Burada -si ekinin ne anlamına geldiğini bir anlatan varsa sevinirim arkadaşlar, şimdiden teşekkür ederim.


----------



## RimeoftheAncientMariner

imsi - son eki

skeleton-like


----------



## rarabara

Ramisadeh said:


> Son zamanlarda Türkçeye çevrilmiş bir mangayı okurken bu soneke rastlamıştım; onun bulunduğu kelime de bu şekildeydi: bu iskeletimsi şey de bana bilmeden geldi.
> Burada -si ekinin ne anlamına geldiğini bir anlatan varsa sevinirim arkadaşlar, şimdiden teşekkür ederim.


orijinal halinde ya da yerinde kullanılmamış olabileceğini düşünüyorum 
daha fazla bilgi için bkz. "Annesi/Anası mezar dikecekmiş"


----------



## Rallino

"Anası mezar dikecekmiş" fiillerden sıfat yapma ekleri. Türkçede bunlardan daha fazla ek var. 
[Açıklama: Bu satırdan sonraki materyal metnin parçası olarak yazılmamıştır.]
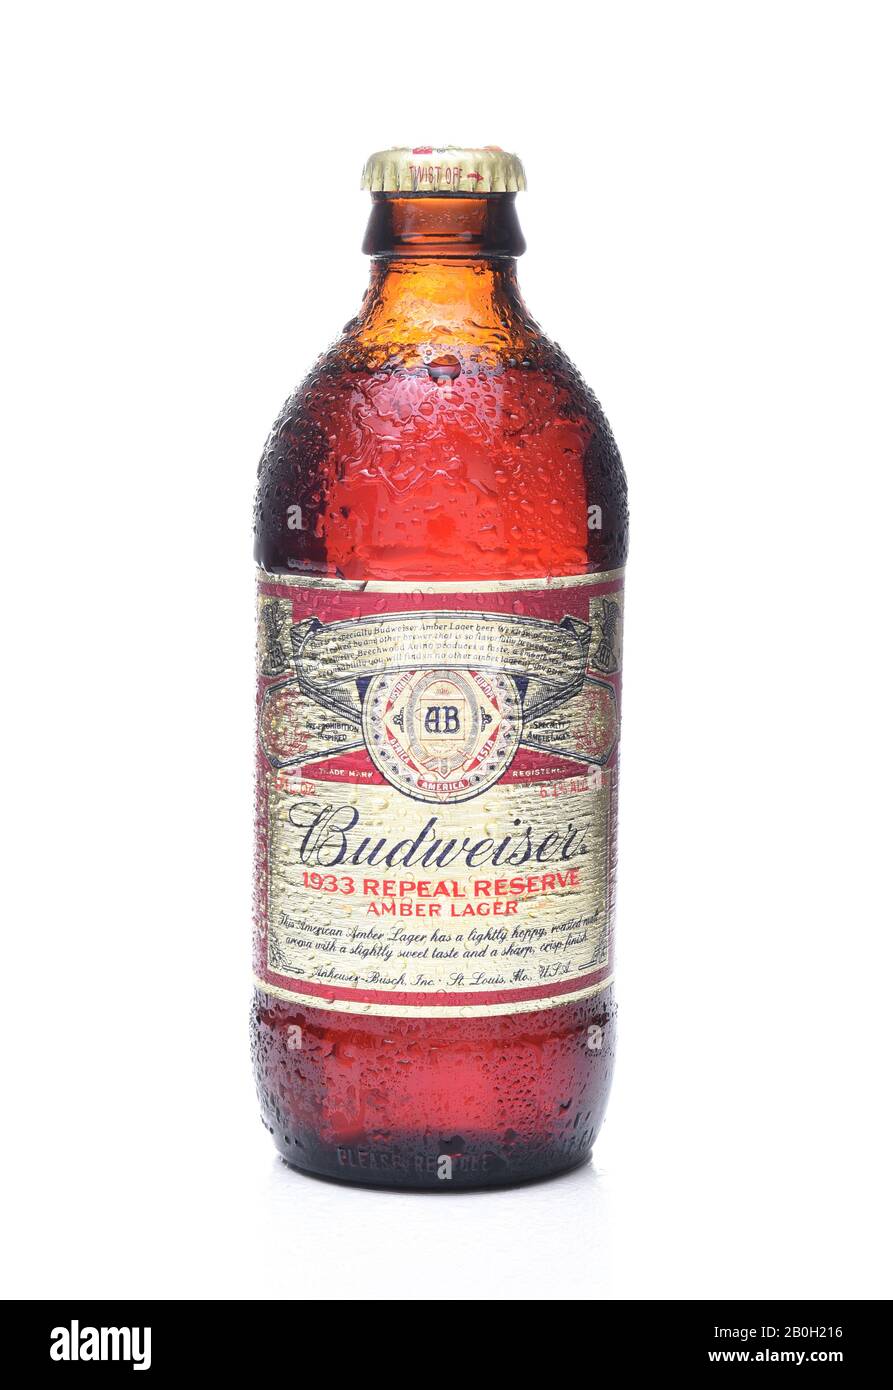 Irvine, CA - 7 NOVEMBRE 2017: Budweiser 1933 Repeal Reserve Amber Lager. Budweiser publie le recipie de l'époque de l'interdiction pour célébrer le représentant des actes Banque D'Images

-imsi /-imtırak ise isim ve sıfatlara eklenen ve "benzeyen" anlamı taşıyan bir ek. Nasıl ki "mavimsi, yeşilimtırak" denebiliyorsa, diğer kelimelere de eklenebilir.


----------



## Ramisadeh

Rallino said:


> "Anası mezar dikecekmiş" fiillerden sıfat yapma ekleri. Türkçede bunlardan daha fazla ek var.
> 
> -imsi /-imtırak ise isim ve sıfatlara eklenen ve "benzeyen" anlamı taşıyan bir ek. Nasıl ki "mavimsi, yeşilimtırak" denebiliyorsa, diğer kelimelere de eklenebilir.



İlginç hakikaten ... ama bu bahsettiğiniz iki ekler arasında bir fark olduğunu merak ediyorum artık


----------



## rarabara

Ramisadeh said:


> İlginç hakikaten ... ama bu bahsettiğiniz iki ekler bir fark olduğunu merak ediyorum artık


cümleniz küçük çapta bir anlatım bozukluğu içeriyor ama yinede birşey ifade edeyim (anladım çünkü ne demek istediğinizi)
mmm şey, bende açıkçası ikisi arasında bir fark yok sandım ilk etapta ama varmış yaf.
o rallinonun dediği gibi türkçede fazlaca yapım ve çekim eki bulunuyor.
ama şöyle sanıyorum anası mezar dikecekmiş te olduğu gibi bir durum veya birkaç durum daha vardı böyle bu tarz kısaltma ama hatırlayamadım 
yada olmayadabilir. (ama vardı sanki hatırladığım kadarıyla)


----------



## Ramisadeh

rarabara said:


> cümleniz küçük çapta bir anlatım bozukluğu içeriyor ama yinede birşey ifade edeyim (anladım çünkü ne demek istediğinizi)
> mmm şey, bende açıkçası ikisi arasında bir fark yok sandım ilk etapta ama varmış yaf.
> o rallinonun dediği gibi türkçede fazlaca yapım ve çekim eki bulunuyor.
> ama şöyle sanıyorum anası mezar dikecekmiş te olduğu gibi bir durum veya birkaç durum daha vardı böyle bu tarz kısaltma ama hatırlayamadım
> yada olmayadabilir. (ama vardı sanki hatırladığım kadarıyla)



Zaten “arasında bir fark” yazmıştım ama başka bir hata düzeltirken “arasında” kelimeyi yanlışlıkla silip ne yaptığımı fark etmemiştim diye öyle oldu. Neyse herkesin yanıtladıkları için teşekkürler


----------